Task details>
Every picture stays out; everything else in the listing below is to be returned exactly.

Input data>

▬▬▬▬▬▬

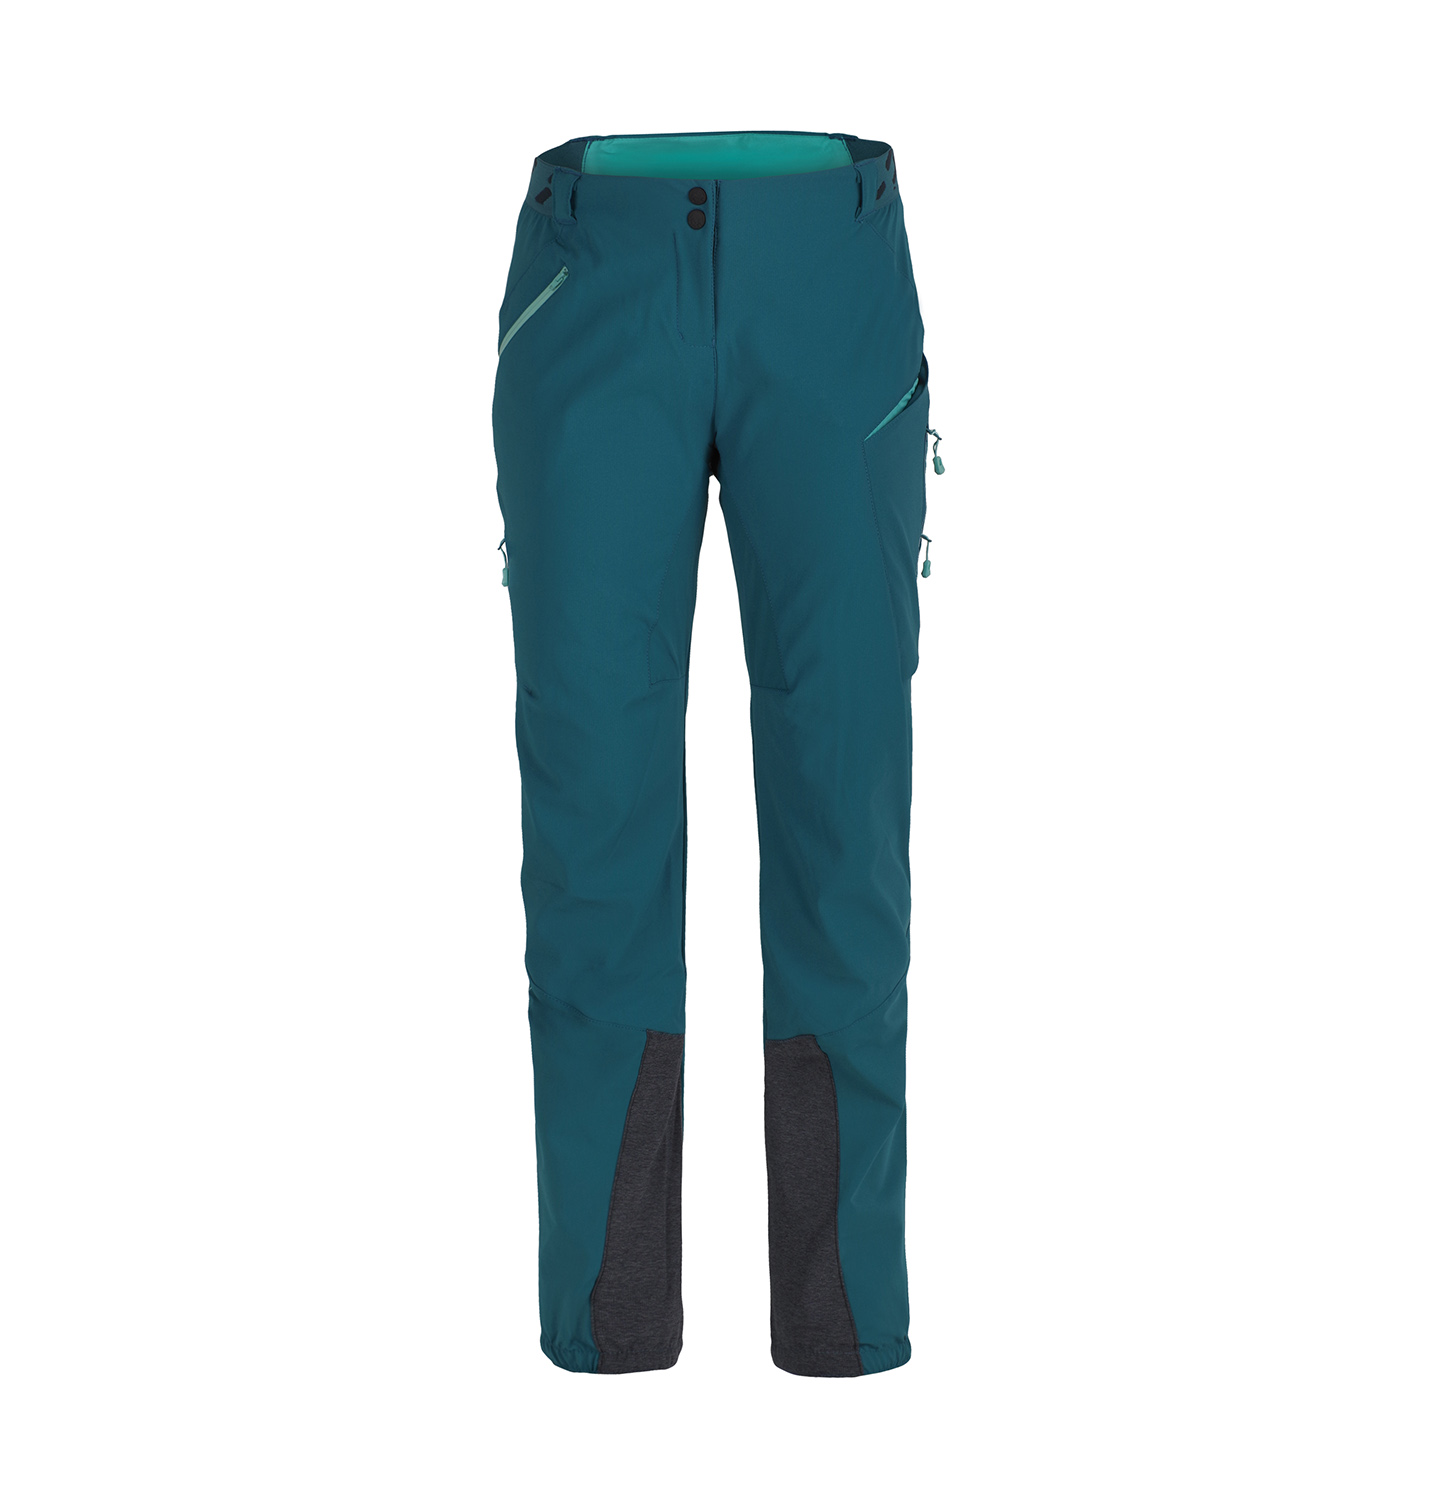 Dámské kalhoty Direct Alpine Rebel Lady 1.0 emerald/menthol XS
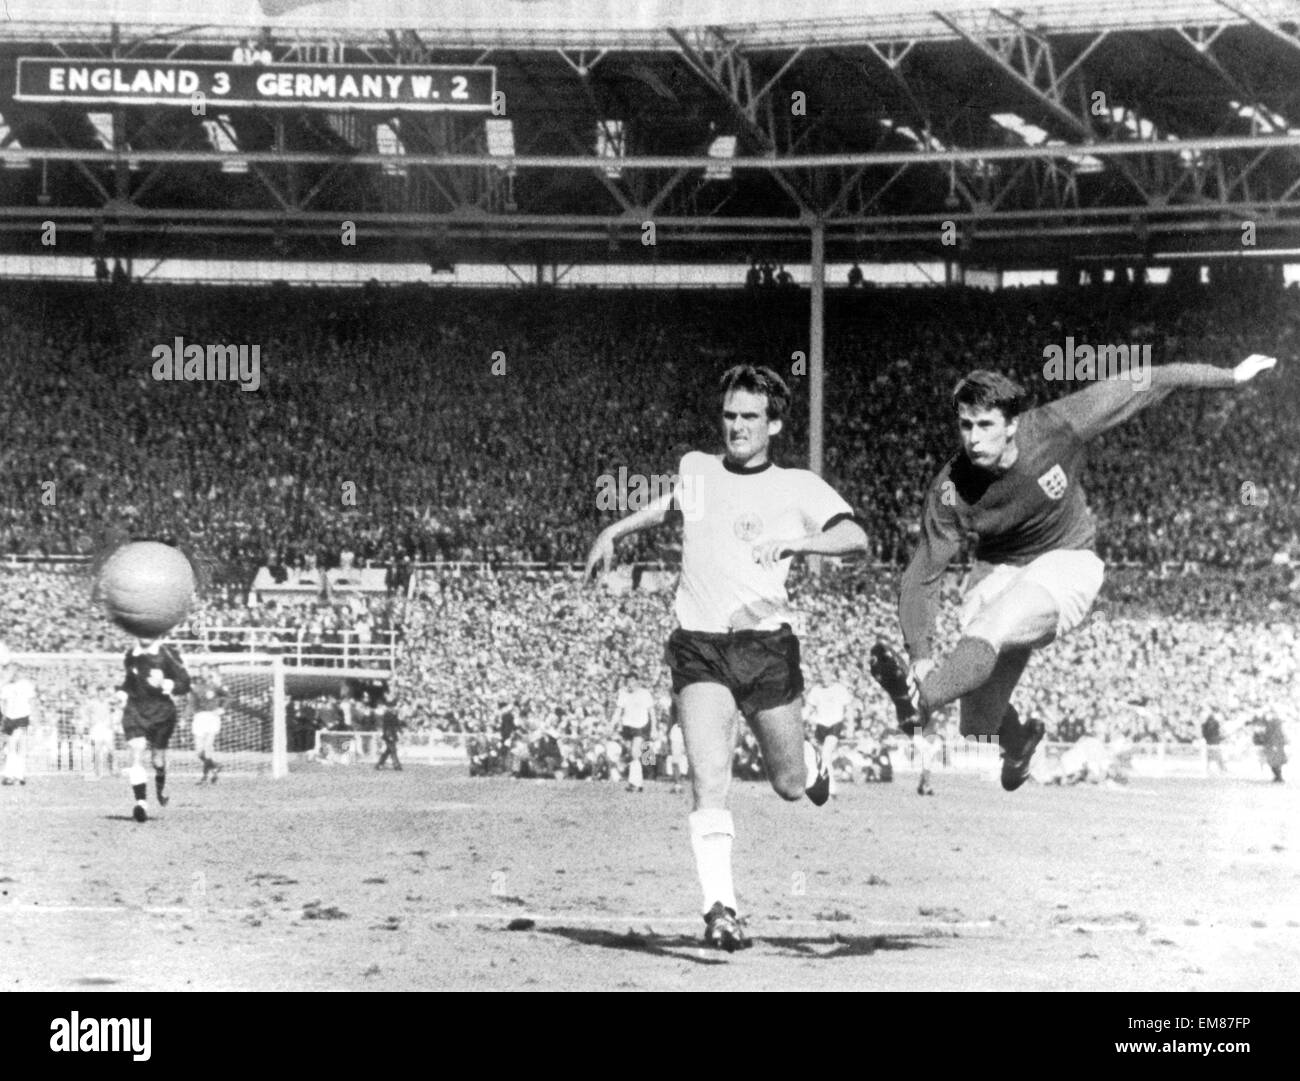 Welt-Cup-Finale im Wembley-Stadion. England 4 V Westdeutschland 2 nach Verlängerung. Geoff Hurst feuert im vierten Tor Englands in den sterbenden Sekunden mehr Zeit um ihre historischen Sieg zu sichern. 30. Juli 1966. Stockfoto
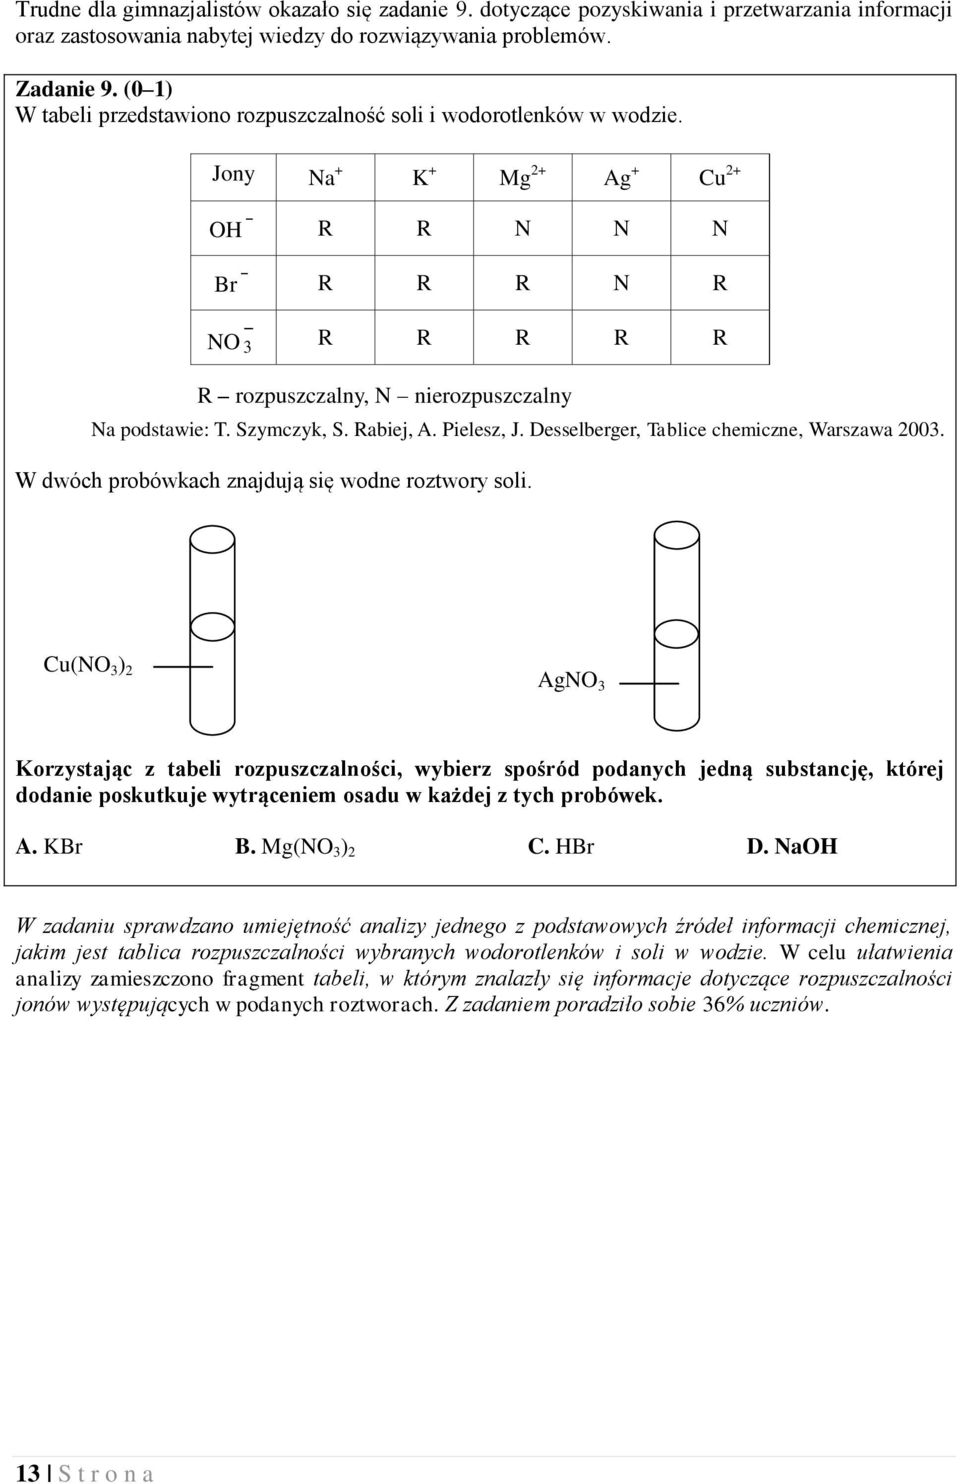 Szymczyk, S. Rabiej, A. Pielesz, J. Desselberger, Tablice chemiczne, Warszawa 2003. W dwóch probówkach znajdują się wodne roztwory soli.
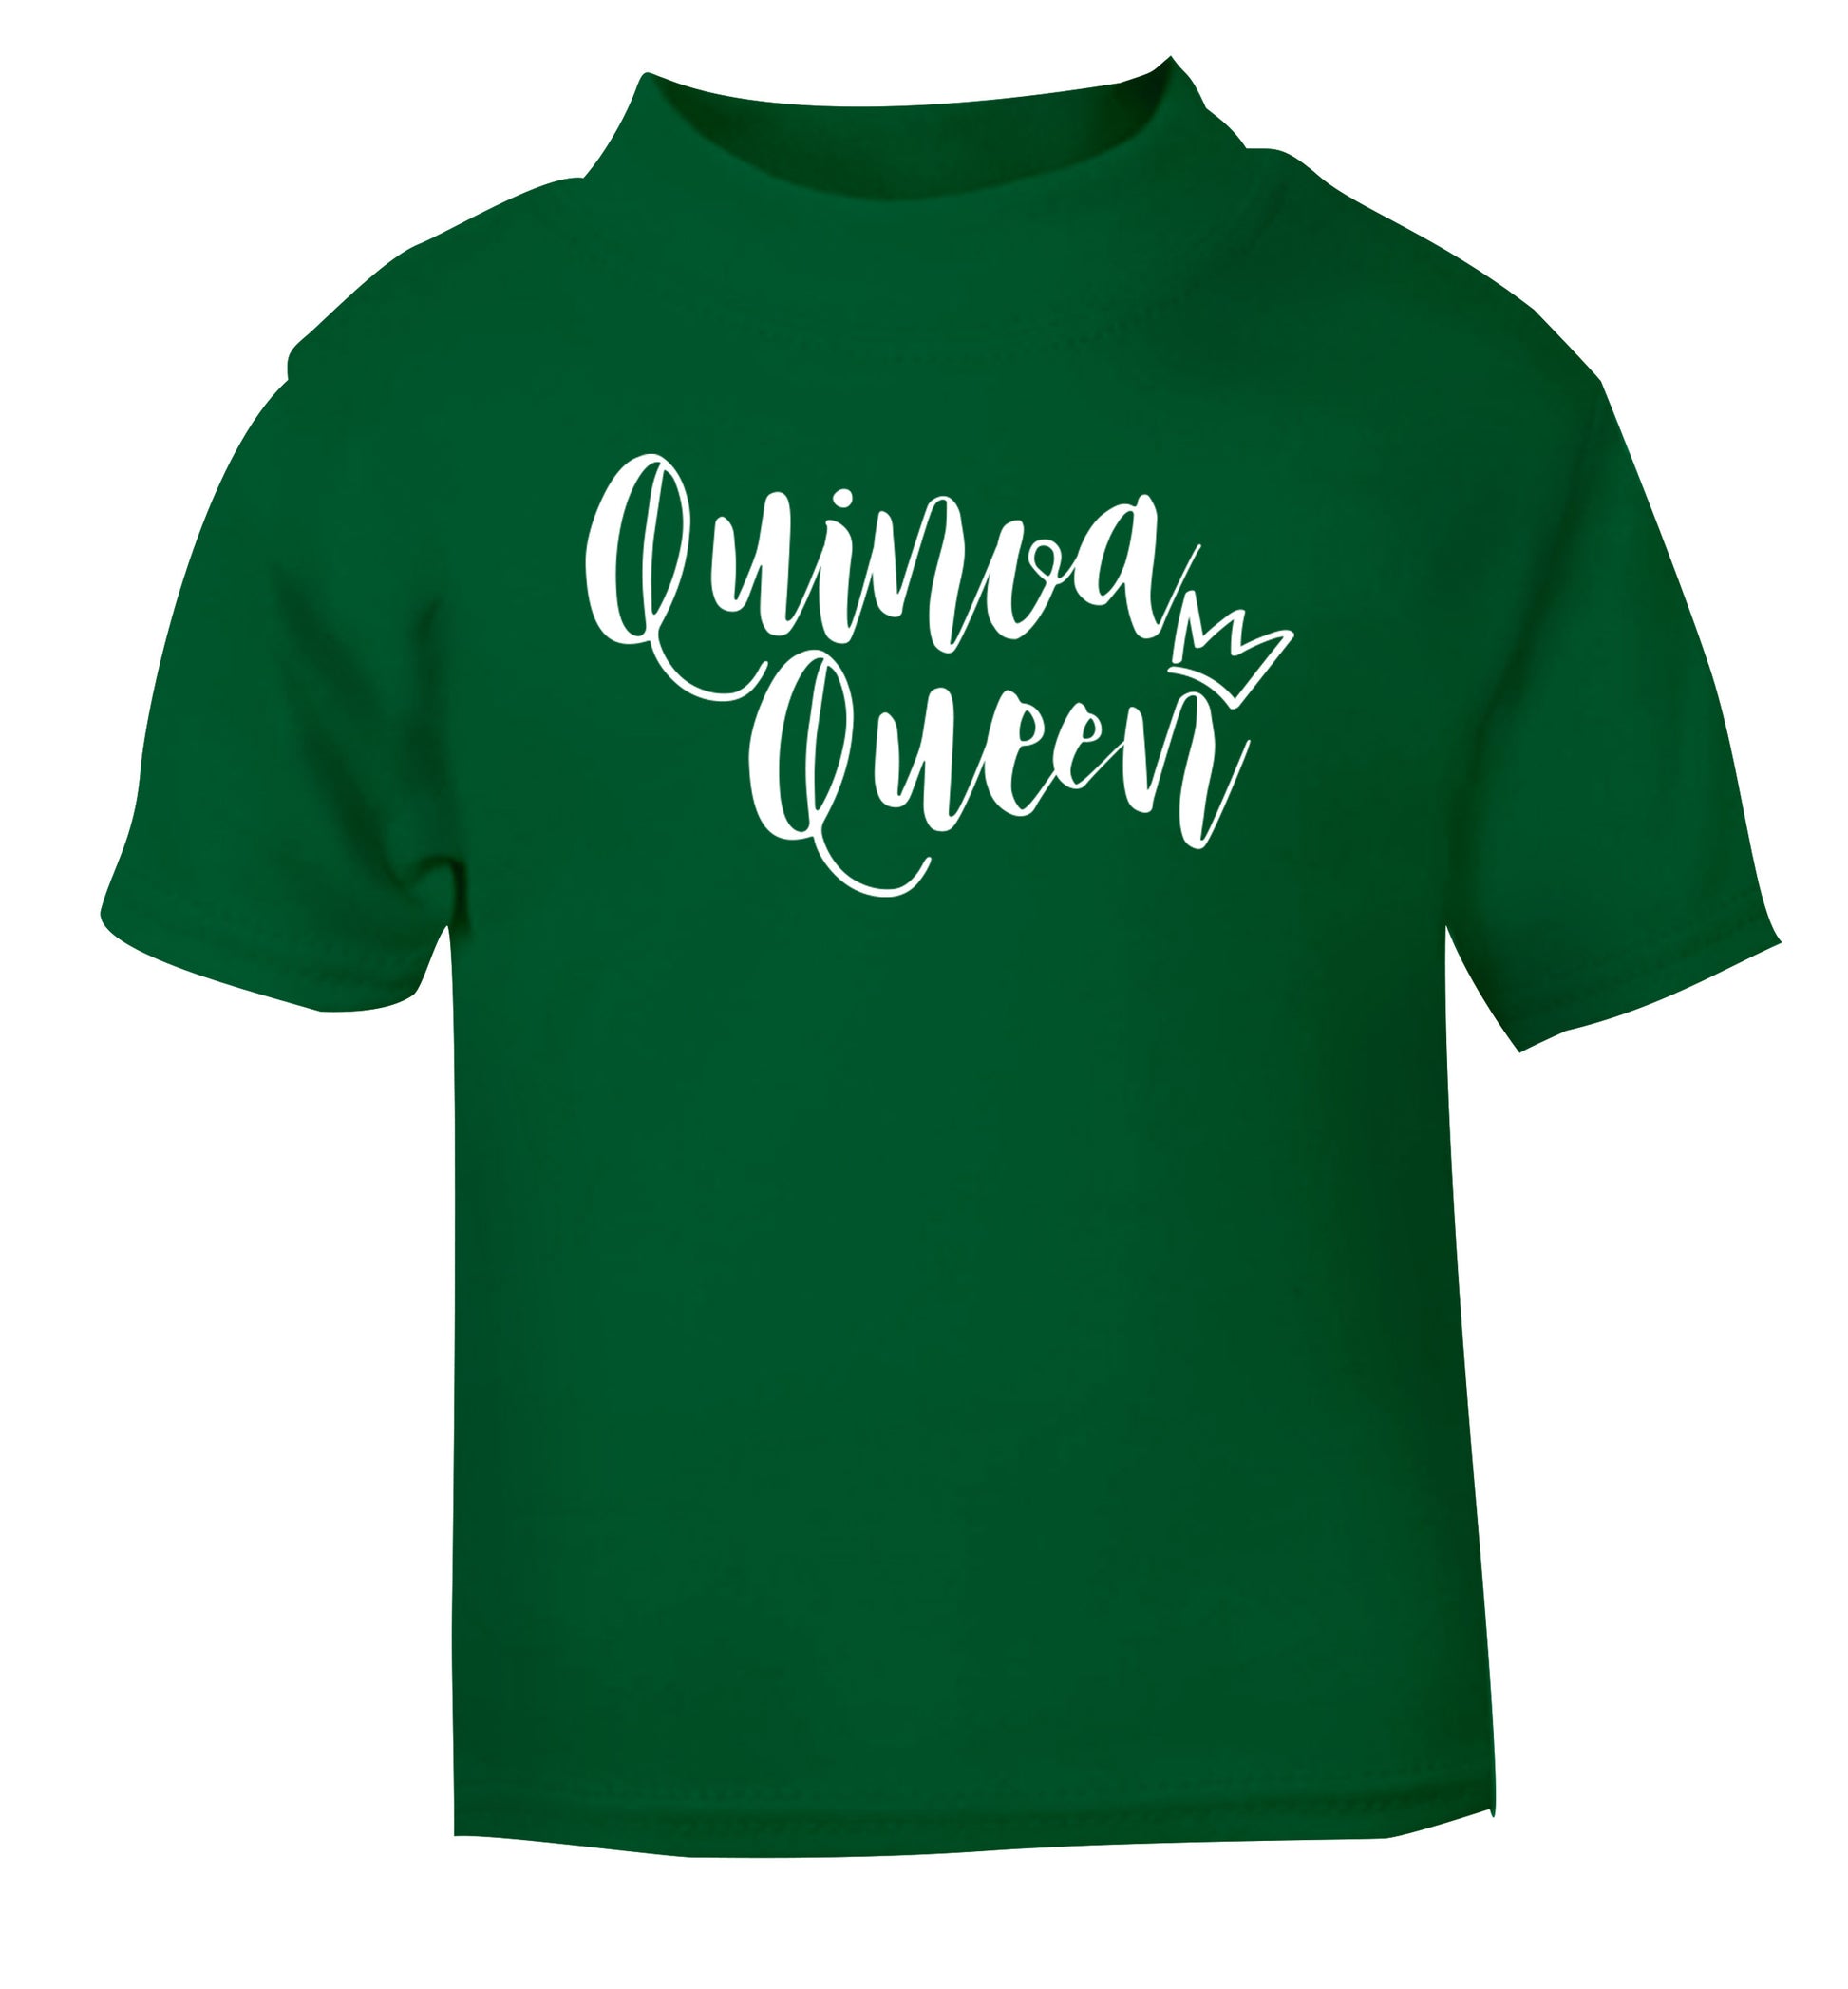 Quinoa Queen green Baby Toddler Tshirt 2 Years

▬▬▬▬▬▬

Task answer>
 Dámské kalhoty Direct Alpine Rebel Lady 1.0 emerald/menthol XS
 Welt-Cup-Finale im Wembley-Stadion. England 4 V Westdeutschland 2 nach Verlängerung. Geoff Hurst feuert im vierten Tor Englands in den sterbenden Sekunden mehr Zeit um ihre historischen Sieg zu sichern. 30. Juli 1966. Stockfoto
 Szymczyk, S. Rabiej, A. Pielesz, J. Desselberger, Tablice chemiczne, Warszawa 2003. W dwóch probówkach znajdują się wodne roztwory soli.
 Quinoa Queen green Baby Toddler Tshirt 2 Years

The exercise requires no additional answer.